## Given data:
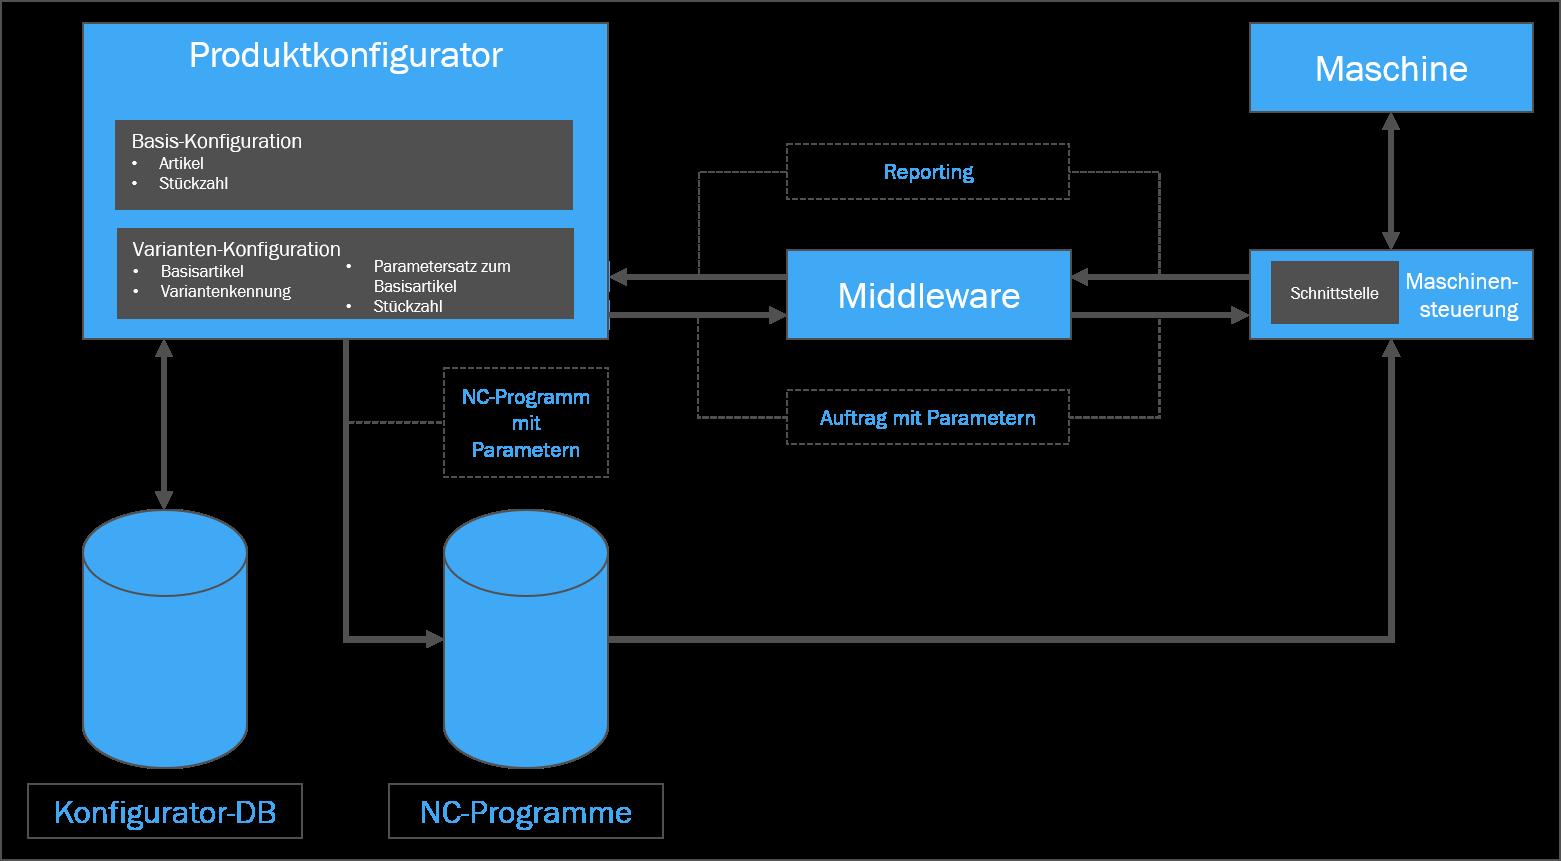 Produktkonfigurator - Architecture
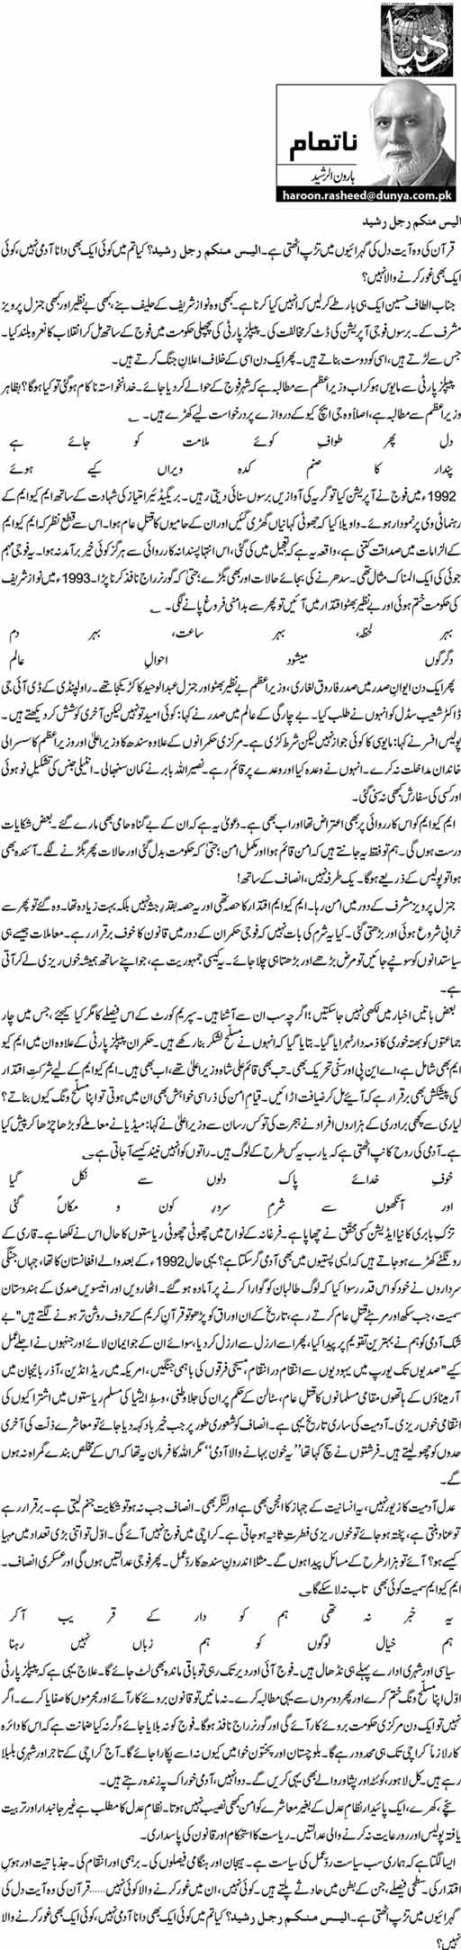 Alais Minkum Rajul Rasheed - Haroon ur Rasheed
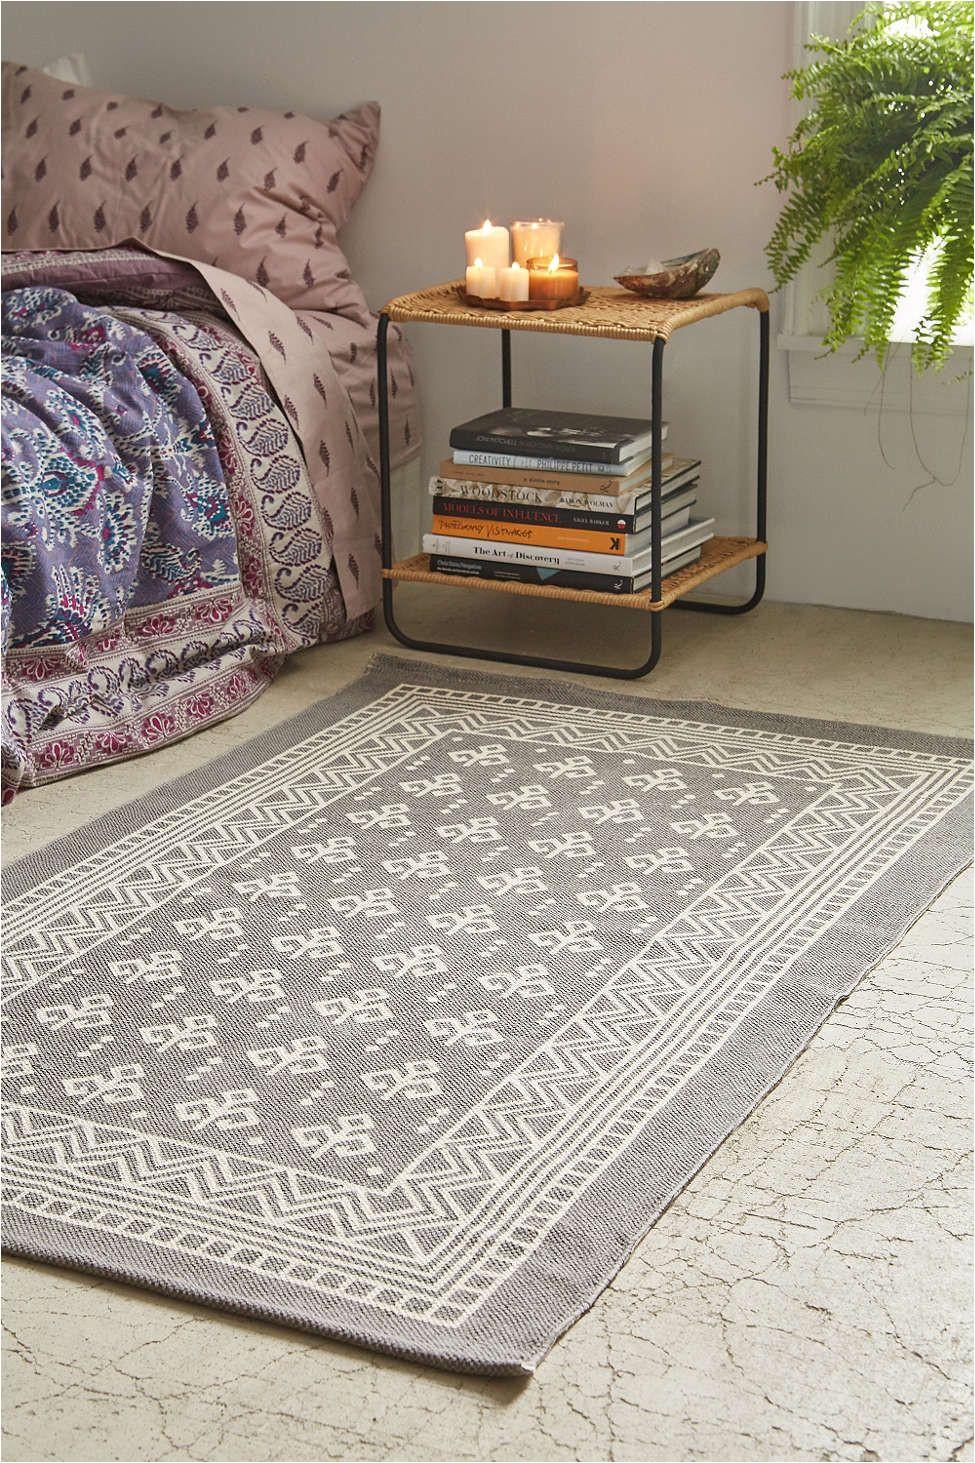 actual 8x10 master bedroom rug 199 magical thinking boho border printed rug
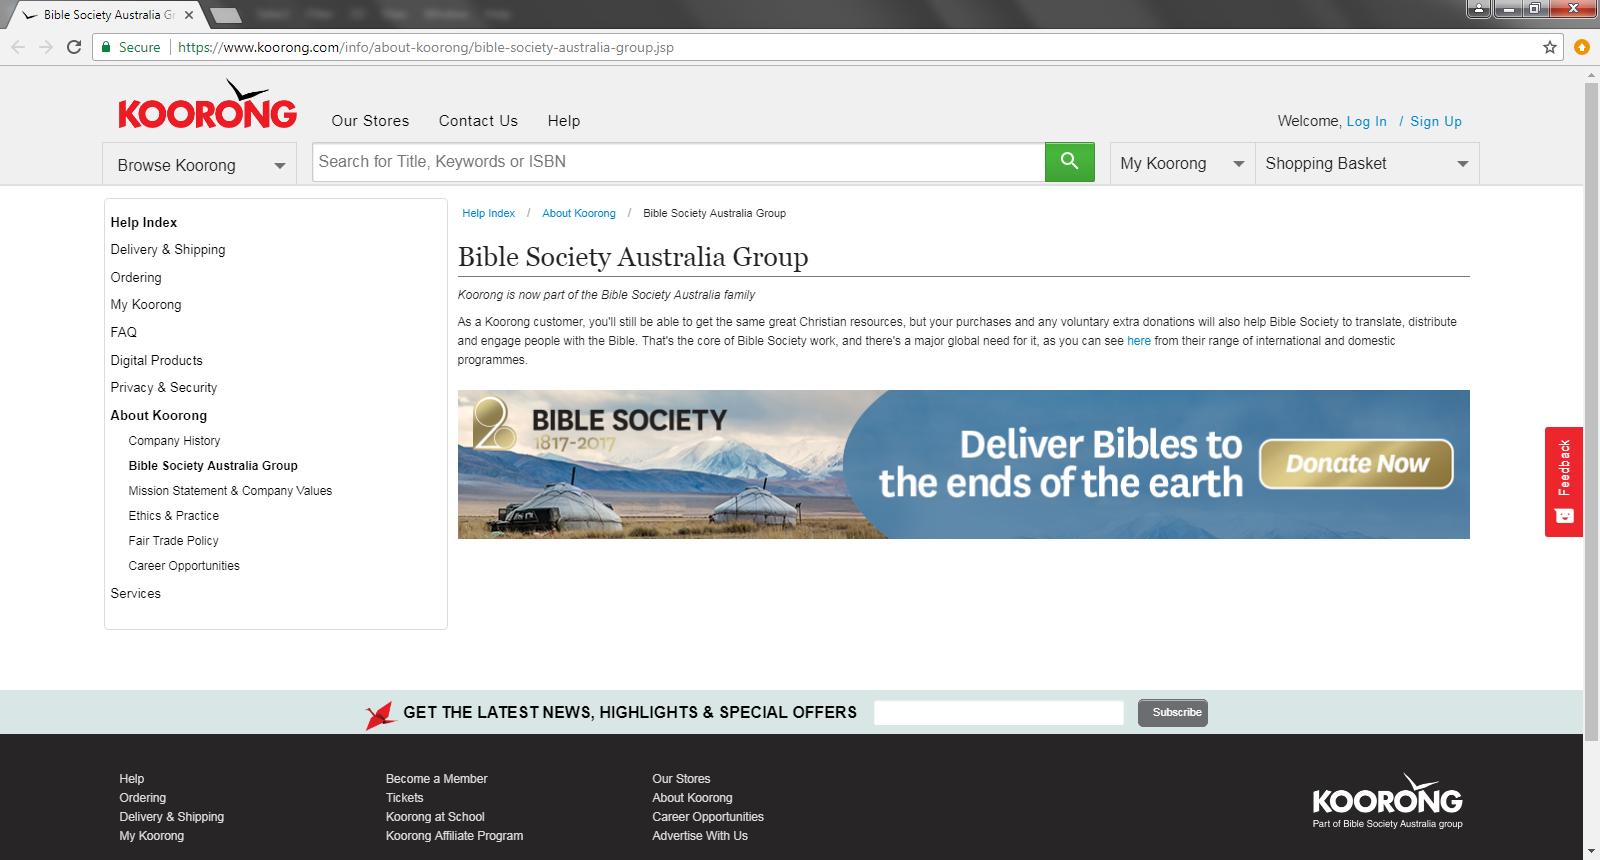 Dangers of Australian Bible Society (Part 2): Producing

## Task to carry out:
Find the line with "Alais Minkum Rajul". Reproduce it and every line after it through the last line above exactly, leaving out the pictures.

## The completed task:
 Alais Minkum Rajul Rasheed - Haroon ur Rasheed
 actual 8x10 master bedroom rug 199 magical thinking boho border printed rug
 Dangers of Australian Bible Society (Part 2): Producing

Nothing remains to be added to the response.